CLONAZEPAM IS A CLASS 3 MEDICATION
Emily: "Sorry about your mannequin-related injury. There's a boy on the swim team who is like double-jointed, so if he'd been attacked by mannequins probably it wouldn't have worked out like this."
Hanna: "Emily, your brain works a weird way."
They pass a drugstore just at the time that Meredith is flipping out on the guy.
Meredith: "But I need more Klonopin! It is to calm my nerves!"
Guy: "Clonazepam is a class 3 medication, ma'am. Get your doctor to call in a refill."
Meredith: "BUT MY NERVES."
She stacks up a shitload of OTC allergy meds instead, making the Liars's eyeballs go wide. While Aria tries to break out of her own bedroom, Hanna and Emily use the internet to figure out what Klonopin is for, which is to make Aria very sleepy. She doesn't notice them lurking, which is good.

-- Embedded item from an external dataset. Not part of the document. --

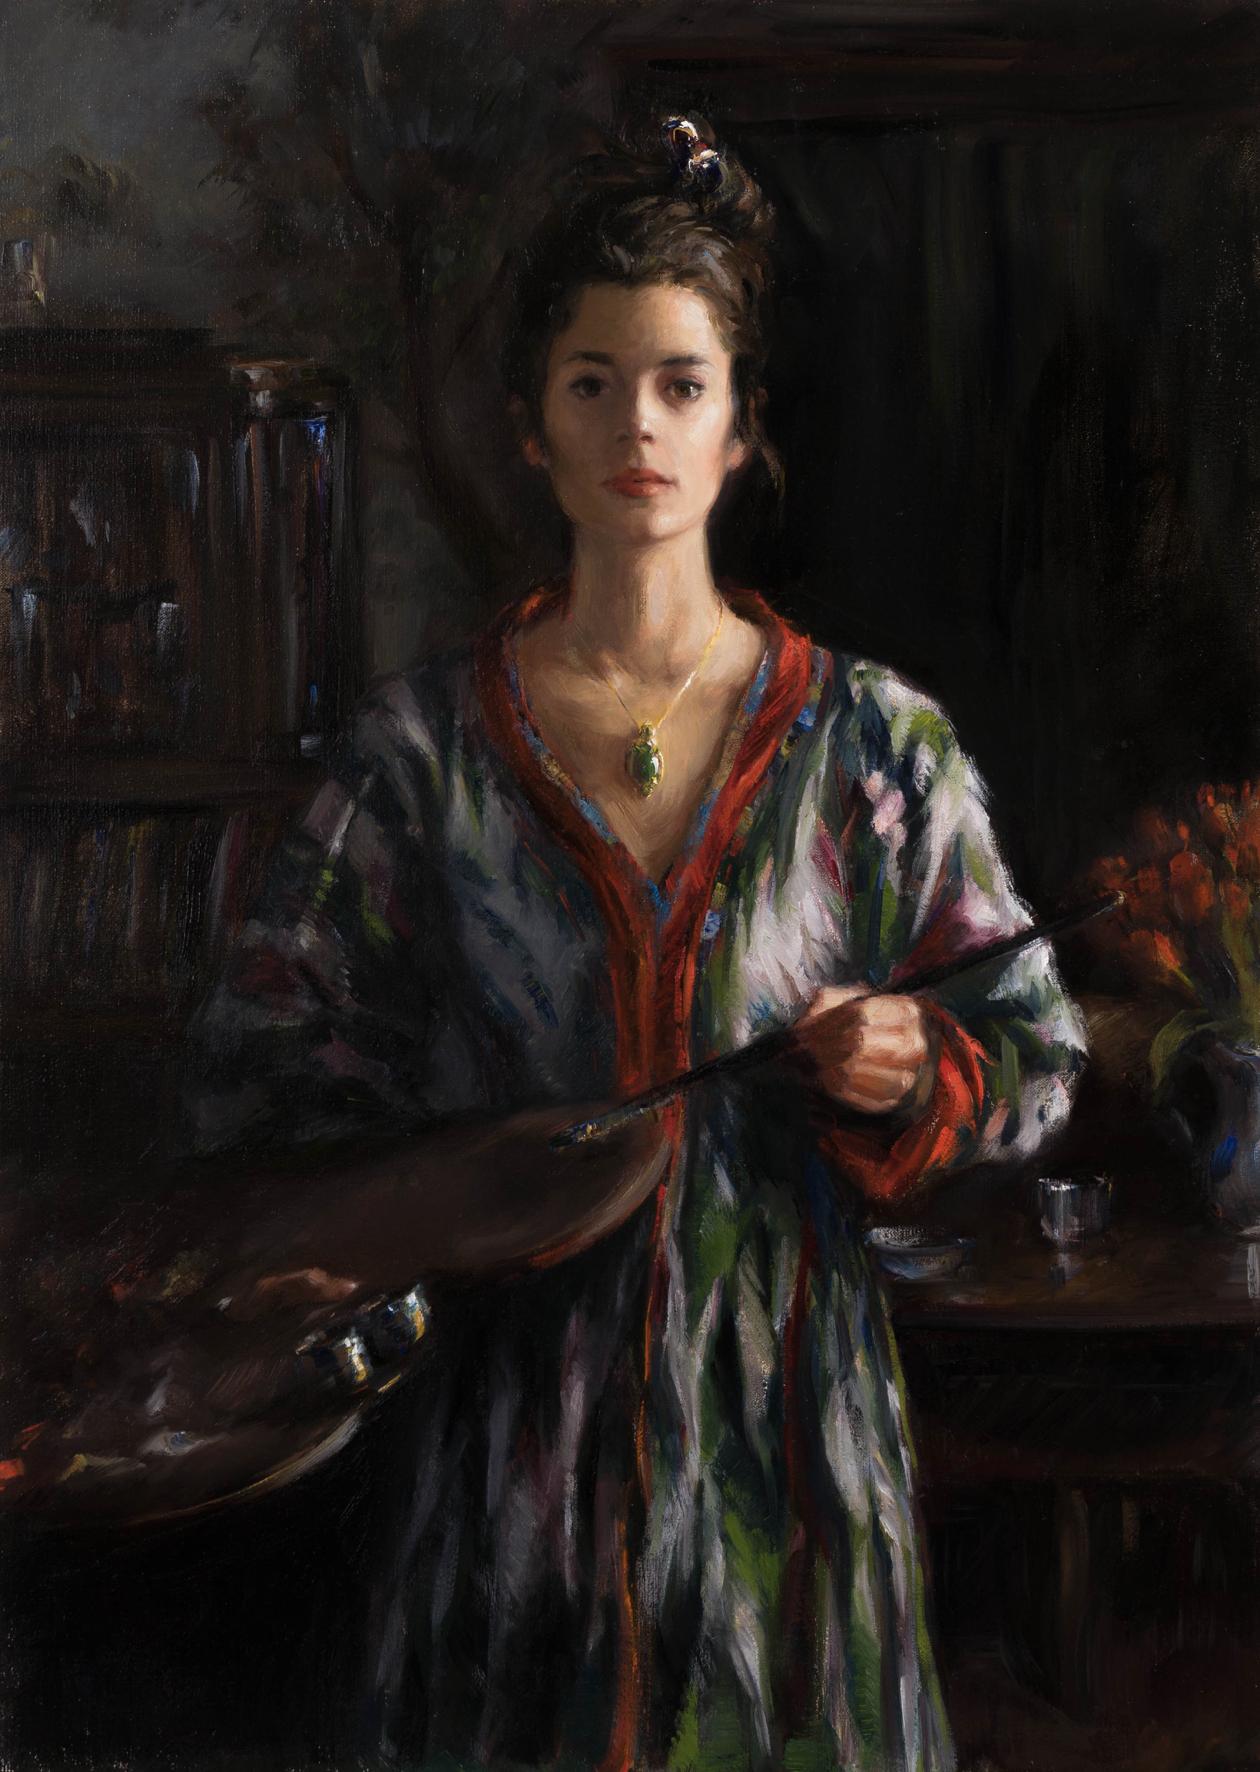 Portrait Painting Tina Orsolic Dalessio - "Departure", autoportrait réaliste de style 19e siècle par l'artiste croate.

Over at the Montgomery house, Aria has given up on freedom, and instead smashes a mirror and wraps her hand with a nearby Aria Scarf to create a makeshift shiv. Which is so very wonderful. I can't say I've ever been prouder of the girl. "Oh, feed me poisoned tea? How about a jagged mirror shard to the face, you like that?" That's some Spencer Hastings-quality zero-to-sixty shit right there.
Toby's big old face he's got appears suddenly at the door, scaring the shit out of Spencer plus everybody. He is there because they can't have their anniversary, due to Veronica's big lie, so he wants to drop off some flowers. Some flowers and some murder! The whole time she's putting them in water, he's making those evil faces he makes, and she spouts so many lies it all just sounds like white noise: He notices the Lair 3.0 key, and Spencer immediately says it belongs to Melissa, blah-blah. It is very sad because they talk about how much they love each other, and he's never looked sweeter or more angelic. She sits around once he's gone, praying it's not what it looks like -- because if he's A, then he knows damn well where that key came from, and everything is only just starting to fall apart.

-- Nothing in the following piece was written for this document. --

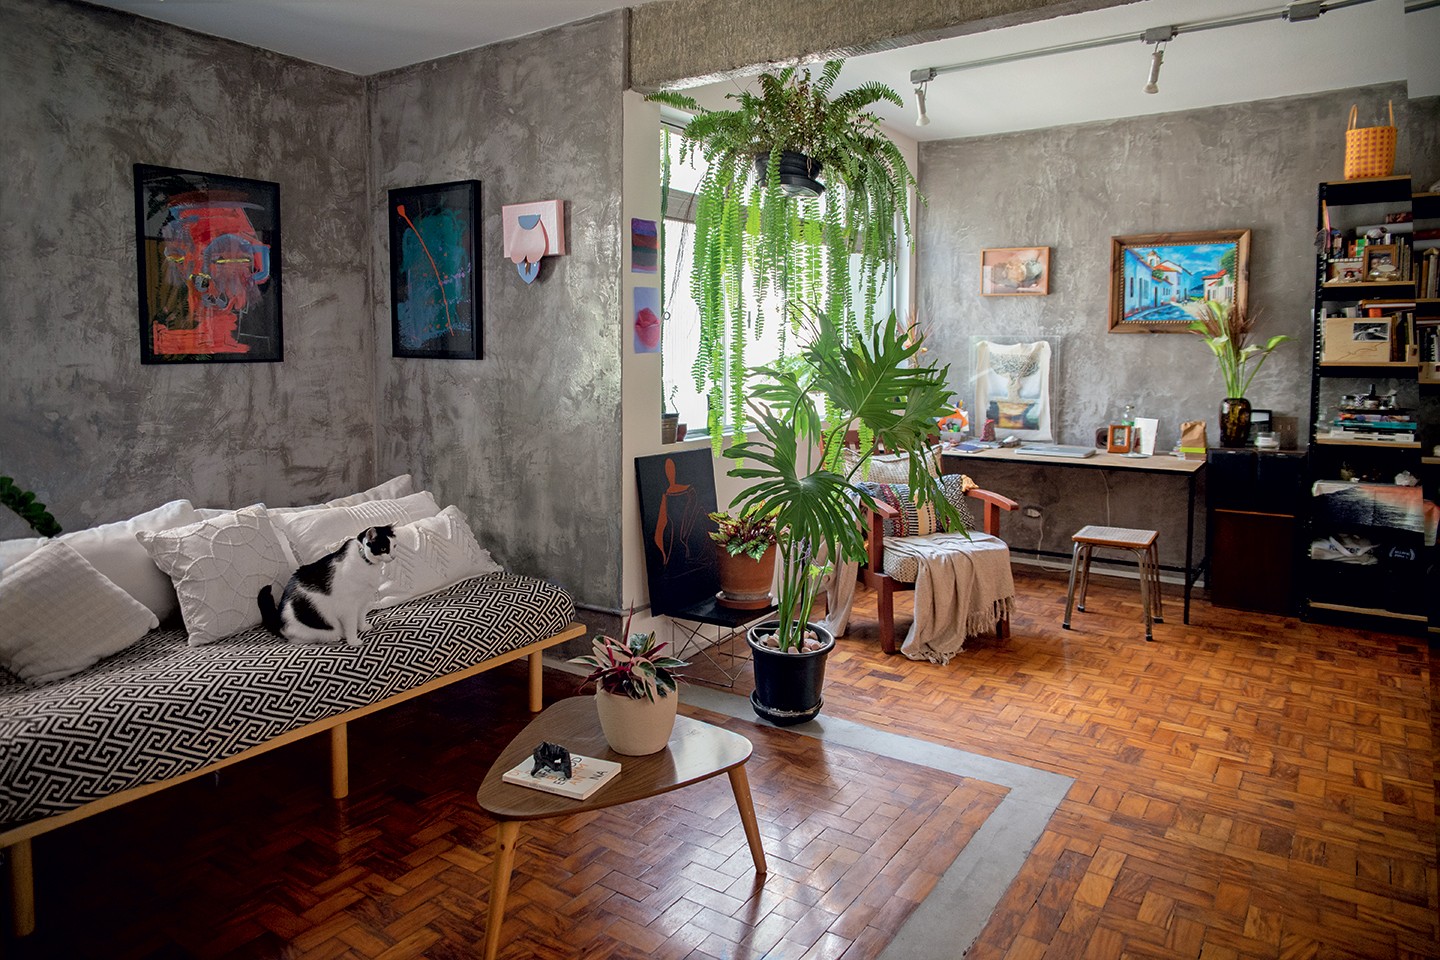 Apartamento de 70 m² de curadora de arte é repleto  de obras de jovens artistas mulheres (Foto: Pan Alves)

Meredith wakes Aria up later, with the jagged mirror shard to her throat. Awesome! She has not taken the precaution of wrapping her hand with a nearby scarf, so the whole time she's menacing Aria and barking crazily at her, her hand is just bleeding all over everything.
It is by far the most intensely excellent Aria thing that has ever happened. And yes, I am including that time she sang a duet with Noel Kahn out of the blue.